2. The unit drafting mechanism of a spinning machine according to claim 1,
wherein said connecting means is provided with a mechanism for
continuously supplying said compressed air to said axial air passages.
3. The unit drafting mechanism of a spinning machine according to claim 1,
wherein said connecting means is provided with a mechanism for
intermittently supplying said compressed air to said axial air passages.
4. The unit drafting mechanism of a spinning machine according to claim 1,
wherein said shoulder portion extends to a corresponding end portion of
said fluted working section.
5. The unit drafting mechanism of a spinning mechanism according to claim
4, wherein said shoulder portion of said bottom roller is provided with a
stepped profile defined by the profile of the fluted working section of
said bottom roller and the profile of said intermittent portion, and has a
cross-sectional diameter equal to a cylindrical projection of a circle
defined by the bottom of the flutes of said fluted working section, and
said cylindrical recess of said slide metal is provided with a stepped
profile sized and shaped for receiving said profile of said shoulder
portion of said bottom roller with a substantially uniform space against
said profile of said shoulder portion of said bottom roller.
6. The unit drafting mechanism of a spinning machine according to claim 5,
wherein at each end-side of said bottom roller, a pair of said air jet
apertures are formed along a transverse line crossing the axial center of
said bottom roller and directed to an inside edge of a corresponding one
of said slide metals at each end portion of said fluted working section,
while a pair of said air jet apertures are formed along a transverse line
crossing the axial center of said bottom roller and directed to said space
at a position between said intermittent portion connected to said end
portion of said fluted working section of said bottom roller and said
cylindrical recess.
7. The unit drafting mechanism of a spinning machine according to claim 5,
wherein one of said air jet apertures faces said space between each one of
said intermittent portions of said bottom roller and said cylindrical
recess of said slide metal.
8. The unit drafting mechanism of a spinning machine according to claim 4,
wherein said shoulder portion is provided with a stepped profile defined
by a profile of said end portion of said fluted working section of said
bottom roller and a profile of said intermittent portion and has
cross-sectional diameter identical to that of said journal potion.
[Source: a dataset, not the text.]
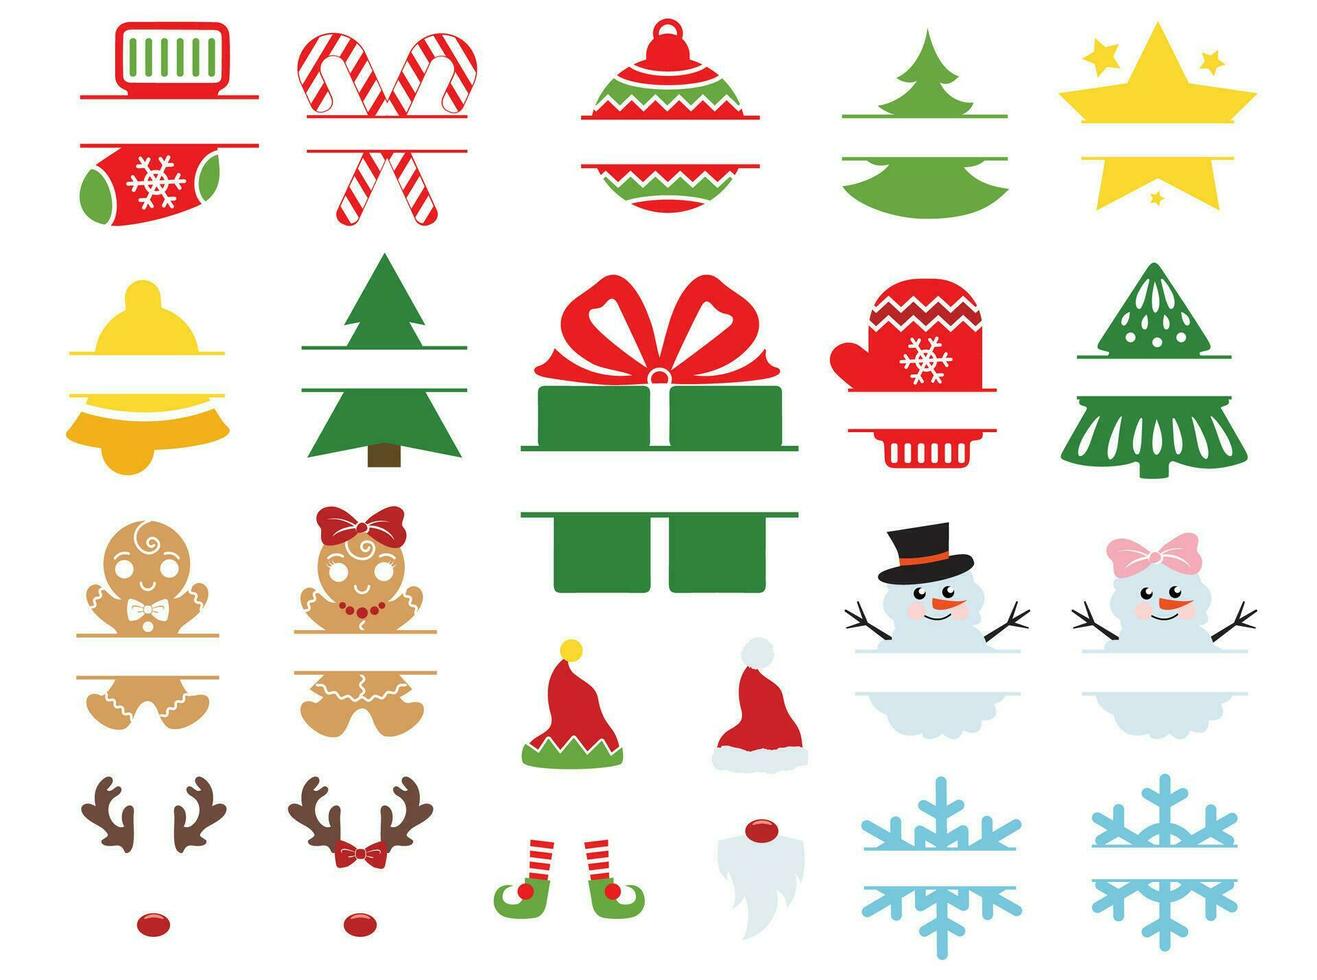 Kerstmis kaders vector illustratie met symbolen van kerstmis. kinderen Kerstmis ontwerp geïsoleerd mooi zo voor Kerstmis groeten kaarten, poster, afdrukken, sticker, uitnodigingen, baby t-shirt, mok, geschenken.

9. The unit drafting mechanism of a spinning machine according to claim 8,
wherein at each end-side of said bottom roller, a pair of said air jet
apertures are formed along a transverse line crossing the axial center of
said bottom roller and directed to an inside edge of a corresponding one
of said slide metals at each end portion of said fluted working section,
and a pair of said air jet apertures are formed along a transverse line
crossing the axial center of said bottom roller and directed to said space
at a position between said intermittent portion connected to said end
portion of said fluted working section of said bottom roller and said
cylindrical recess.
10. The unit drafting mechanism of a spinning machine according to claim 8,
wherein at each end-side of said bottom roller, each said end portion of
said fluted working section of said bottom roller is located outside of
said annular recess of said slide metal, a pair of said air jet apertures
are formed along a line crossing the axial center of said bottom roller
and directed to said space between said intermittent portion and said
cylindrical recess at each side of said bottom roller.
Description
BACKGROUND OF THE INVENTION
1. Field of the Invention
The present invention relates to a drafting mechanism and, more
specifically, to an improvement of a unit drafting mechanism to be
incorporated into a spinning machine such as a drawing frame, a comber, or
a lap former, for doubling and roller-drafting slivers.
2. Description of the Related Art
As is generally known, in a conventional drafting mechanism for a spinning
frame, such as a drawing frame, a pair of slide metals are disposed on the
roller stands facing each other. A plurality, for example, three or four,
of bottom rollers and top rollers are journaled on these slide metals and
clearer pads are disposed at positions below corresponding bottom rollers
in contact thereto and swing in a direction along the delivering direction
of slivers supplied to the drawing frame. An Ermen's clearer provided with
an endless clearing belt is rotatably disposed above the top rollers in
contact thereto so that flies adhered to the top rollers and the bottom
rollers can be removed therefrom. As disclosed in Japanese Examined
Utility Model Publication (KOKOKU)No. 56-23337 and Japanese Unexamined
Utility Model Publication (KOKAI)No. 57-188884, a conventional bottom
roller has a fluted working section, journals supported in bearings on the
slide metals, and cylindrical neck sections formed between the fluted
working section and the corresponding one of the journals. A conventional
top roller has a smooth working section provided with a smooth cylindrical
surface extending between the slide metals and facing the fluted working
section of the corresponding bottom roller.
The working section of the bottom roller of the conventional drafting
mechanism is provided with many flutes extending along the axial direction
thereof and formed in the circumferential portion thereof in a
substantially parallel condition. When the drafting mechanism is driven at
high speed, an accompanying air stream is created at a portion around the
facing top roller and bottom roller by high speed rotation of the rollers.
Most of the accompanying air stream tends to flow in the axial direction
along the contact line between the top rollers and bottom roller and along
the line of contact of the working sections of the top and bottom rollers
and the clearer members. Accordingly, when such an accompanying air stream
passes the end portions of the roller, it disperses around the neck
portions of the top roller and the bottom roller together with flies. Such
flies adhere to the neck portions of these rollers and finally are
introduced into a fiber fleece being processed by the drafting mechanism.
This phenomenon has been recognized as a serious problem impairing the
quality of slivers delivered from such a drafting mechanism.
The applicants of the present application proposed previously a drafting
mechanism capable of intercepting such accompanying axial air flows to
prevent the disturbance of the smooth arrangement of fibers in the
processing fleece, as disclosed in Japanese Unexamined Patent Publication
(KOKAI)No. 62-191522. This drafting mechanism employs top and bottom
rollers having working sections of lengths substantially equal to the
distance between the slide metals and intercepts the accompanying axial
air flows by the inside surfaces of the slide metals.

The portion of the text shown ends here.